Variability and memory of protein levels in human cells
Harvard Medical School
Quantitative understanding of protein networks requires the measurement of endogenous protein dynamics in living cells. We developed a method to measure concentration and localization dynamics of proteins expressed from their endogenous chromosomal locations in individual human cells. A library of over 200 cell clones, each with a different gene tagged with yellow fluorescent protein (YFP), was constructed. Each clone expressed a full length protein tagged with retrovirally delivered YFP as an internal exon. The fluorescently tagged proteins were tracked over several cell cycles in individual cells by time-lapse microscopy and image analysis tools. Synchronization of the cells was achieved in-silico by aligning the dynamics of each cell between consecutive divisions. We observe widespread (40%) cell-cycle dependence of nuclear protein levels. We also quantified cell-cell variability, otherwise masked by assays that average over cell populations. We found cell-cell variability with a standard deviation that ranged, for different proteins, between 15% and 30% of the mean.
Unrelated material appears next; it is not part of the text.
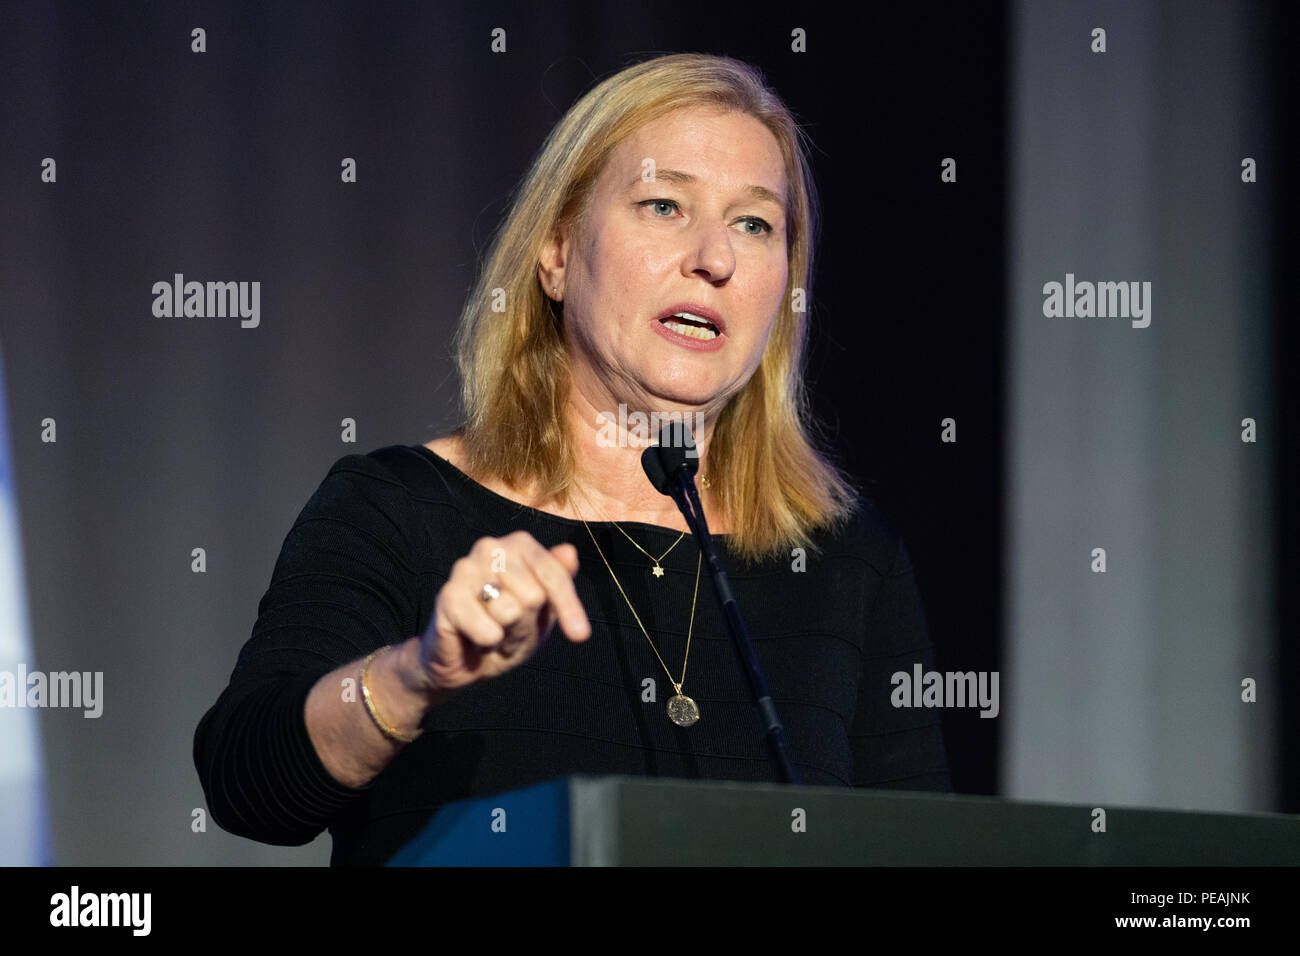 Tzipi Livni, Former Minister of Justice of Israel and Member of Knesset, speaking at the J Street National Conference in Washington, DC on April 15, 2 Stock Photo

Protein levels mixing time was found to be longer than 2 generations (over 40 hours) for many proteins. Such persistent memory in protein fluctuations may underlie individuality in cell behavior and set a timescale needed for signals to fully affect every member of a cell population. The present approach opens the possibility of studying, on the proteomic scale, the spatio-temporal behavior and variability of proteins in individual human cells.